The story of the re-election in Western Australia on 5 April 2014 was of such interest to me that I devoted a special article to it on this website, Senate election the best exercise in democracy”, posted on Wednesday 9 April 2014. The star performer was Ludlam – so let me give some statistics. In September 2013, there were 1,310,278 formal votes and the quota was 187,183 votes (14.3 per cent). In April 2014 there were 1,277,804 formal votes and the quota was 182,544 votes (14.3 per cent). Ludlam received 122,752 first preference votes in 2013 (9.4 per cent) so he needed preferences to be elected. In 2014, however, he received 198,845 first preference votes which was a quota in his own right. At the 2016 Senate general election, Ludlam again received a quota in his own right, but that was not so difficult since, with 12 being elected, the quota was only 7.7 per cent. Nevertheless, he was given a six-year term, unlike all the other cases who were given short terms.
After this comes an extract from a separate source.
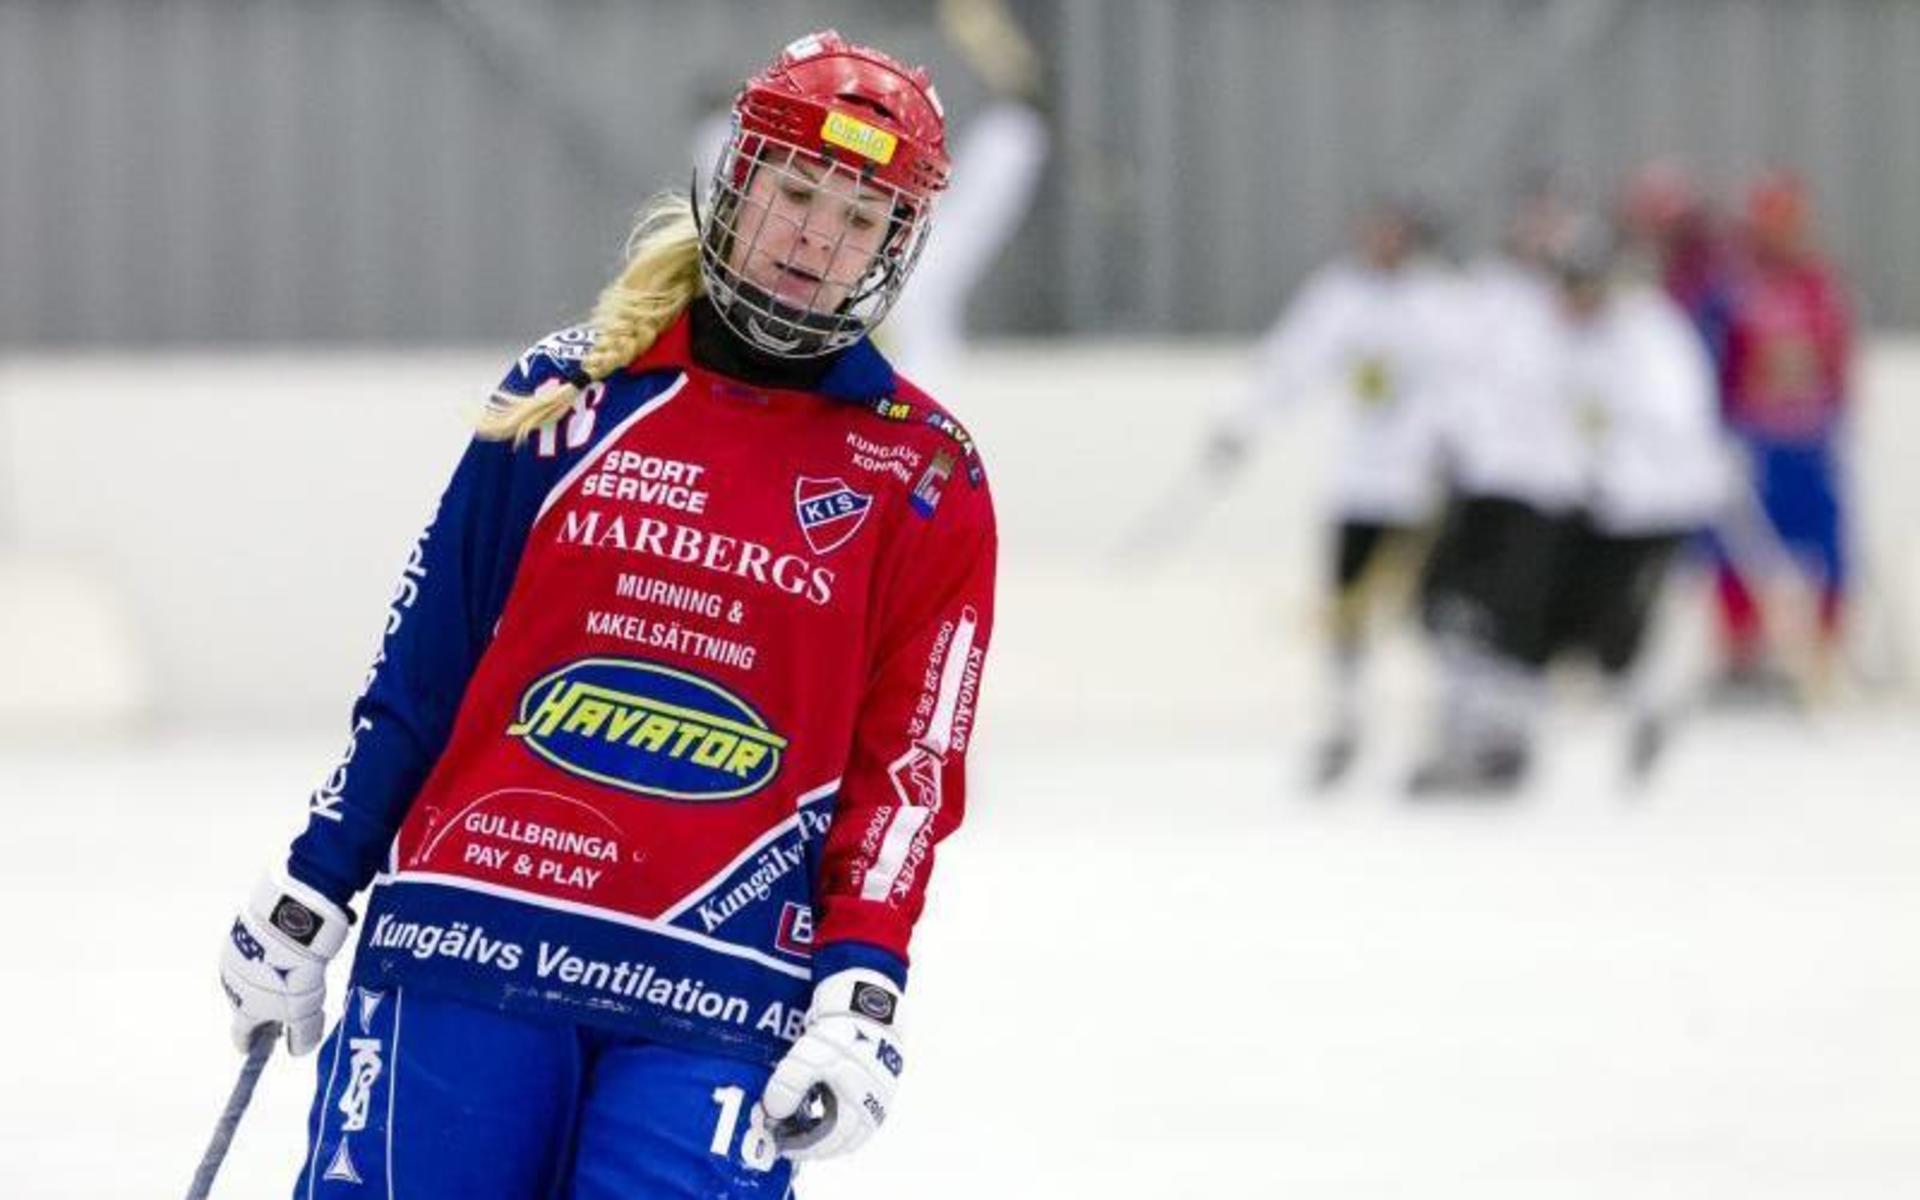 Jesper Stålheims lillasyster Cajza Stålheim spelade bandy med Kareby tidigare. Här ses hon i semifinalen mot AIK 2012.

So, is there a come-back for Ludlam? Probably not. His successor will be Jordon Steele-John, a 22-year old university student who has cerebral palsy. While there are several scenarios of a Ludlam comeback, they seem to me to require such unselfishness on the part of Steele-John and the other WA Greens senator, Rachel Siewert, that I cannot see any of them happening. These scenarios are too complicated for me to describe here.

Even as I was writing this article, the news came through that Larissa Waters (Greens, Queensland) had resigned her Senate seat – for the same reason as Ludlam. Having expressed such sympathy for two men (Day and Ludlam) I now feel I must express equal sympathy for the one woman, Waters! However, her replacement, Andrew Bartlett, will be an effective performer for the Greens, given his previous membership of the Senate and the fact that he was once a highly effective leader of the Australian Democrats.

There have now been six cases of this phenomenon, Wood, Hill, Culleton, Day, Ludlam and Waters. All six had their seats confiscated from them by the High Court, or resigned in expectation of such confiscation. None could appeal to the voters against the decision. None is likely to have a comeback. That must surely be a warning to future aspirants for political office. Beware the power of the High Court – and do what you need to do to be on the right side of the judges!

(Malcolm Mackerras is Honorary Fellow of Australian Catholic University.